Monday, January 23, 2023

Better In Your Head?--THE BEST OF EVERYTHING

 



Spoiler Alert: women die from illegal abortions. Don't whisper it.

THE BOOK-Written by Rona Jaffe, released 1958

THE MOVIE-Directed by Jean Negulesco, written by Edith Sommer & Mann Rubin, released 1959

THE STORY-Toughing it out in the secretary pool of Fabian Publishing Company are five ladies young and restless: Caroline, fresh off a broken engagement; country girl/city chameleon April; aspiring actress Gregg, whose tumble cries out for a dryer sheet; single mom Barbara; and painfully prim wife-to-be Mary Agnes. Don't worry about a one of them, though. See, this story takes place in the 1950s, and women in the 1950s had it easy--just bide time till Mr. Right (a gent in a gray flannel suit, most likely) saved them from a lifetime of unfulfilled ambitions and unpleasant surprises.

MIND THE GAP-In The Best of Everything, respectability is paramount. The men think too highly of themselves; the women, too lowly. Assumptions combine and create mutant misunderstandings. Now there's some social science! 

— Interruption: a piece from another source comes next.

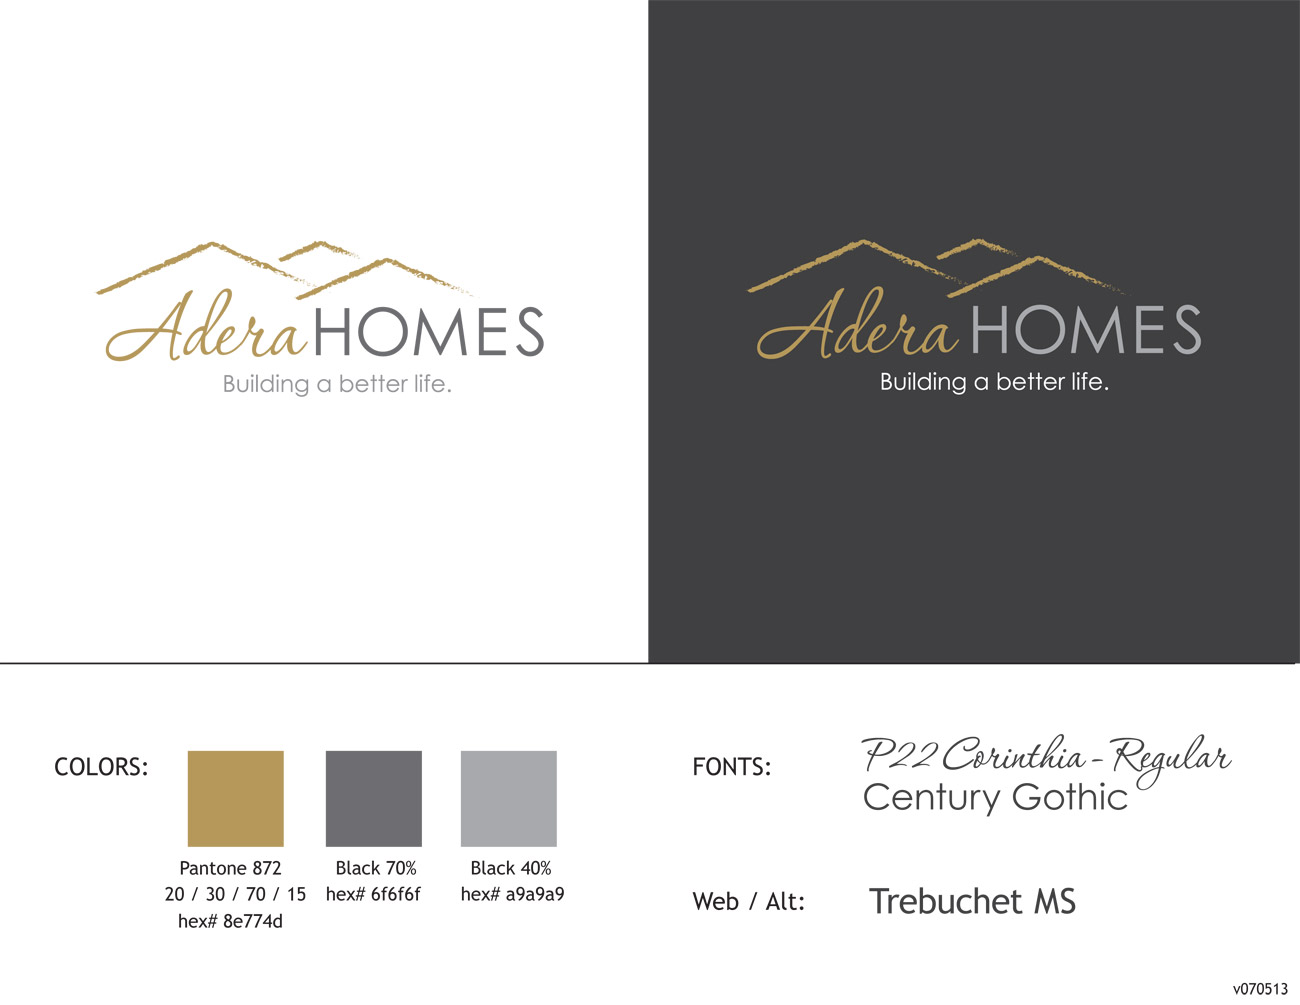 AderaHomes brand guidelines
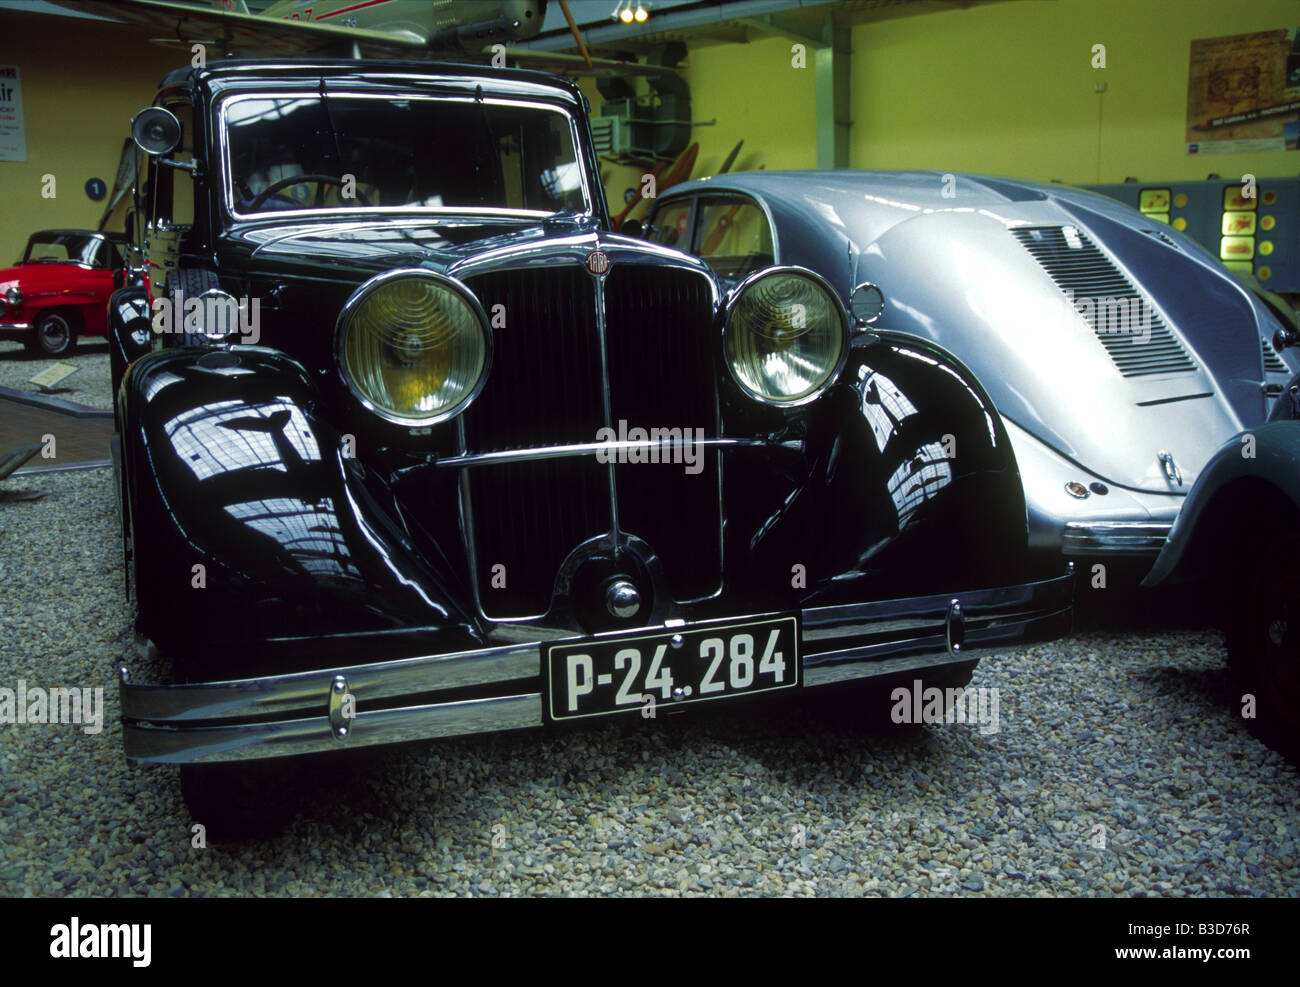 Tatra 80 limousine once owned by Czechoslovakian president Tomáš Garrigue Masaryk in the National Technical Museum in Prague, Czech Republic. Stock Photo

The movie rights sold before Jaffe's work hit shelves, allowing 20th-Century Fox to participate in the novel's marketing. And what of the movie? Competent cast, if not bursting with star power. Hope Lange is a winning Caroline; Martha Hyer and Diane Baker occupy opposite ends of the seesaw as Barbara and April, respectively; Suzy Parker does the most as Gregg, but that character herself does the most, so it's all well and good.*

The men fare the same--lotsa slam, no dunk. The sole outlier is Louis Jourdan, elevating the farcically-named David Wilder Savage with the charm and panache his ink-and-paper counterpart lacked. 

Oh, Joan Crawford's in this too. Bette Davis would ne--no, actually she probably would've.

No coincidence the novel experienced a rediscovery in the 2000s after Don Draper was shown flipping through a copy in an early episode of Mad Men. From slavish secretary to dynamic editor, Caroline Bender is the proto-Peggy Olsen.

Rona Jaffe wrote without an agenda. The Best Of Everything isn't about women in New York during a particular time period, it's about a few women in New York during a particular time period. Nor is it explicitly a cautionary tale, but damned if I read it as anything else. The happiest women are validated by a man's love. "Career for crib" is the shrewdest exchange. The single ladies are horny, hostile and hopeless. The holy trifecta of connection-affection-protection eludes them as a chipmunk eludes a giraffe.

BETTER IN YOUR HEAD-The Best Of Everything is a by-the-numbers adaptation, a soap opera with a budget. Nothing feels spontaneous, or vital. Rona Jaffe's no virtuoso, but her story vibrates with the mania of shrouded torment. Funny, how a writer on book number one outdid a director on movie number thirty-two. The sole improvement on the source--demoting average-ass Mary Agnes--is counteracted by the botching of two key storylines and the ending. The book's conclusion surprised me, yet made total sense. The movie's last frames are non-committal and dull. 

The novel holds artifact appeal. The film holds a purse in both hands and waits for a rickshaw.

 


*Everything about Gregg suggests a woman who mixes Scotch in her oatmeal and coordinates her footwear with her underwear. Who wears high heels to stalk somebody? Yeesh.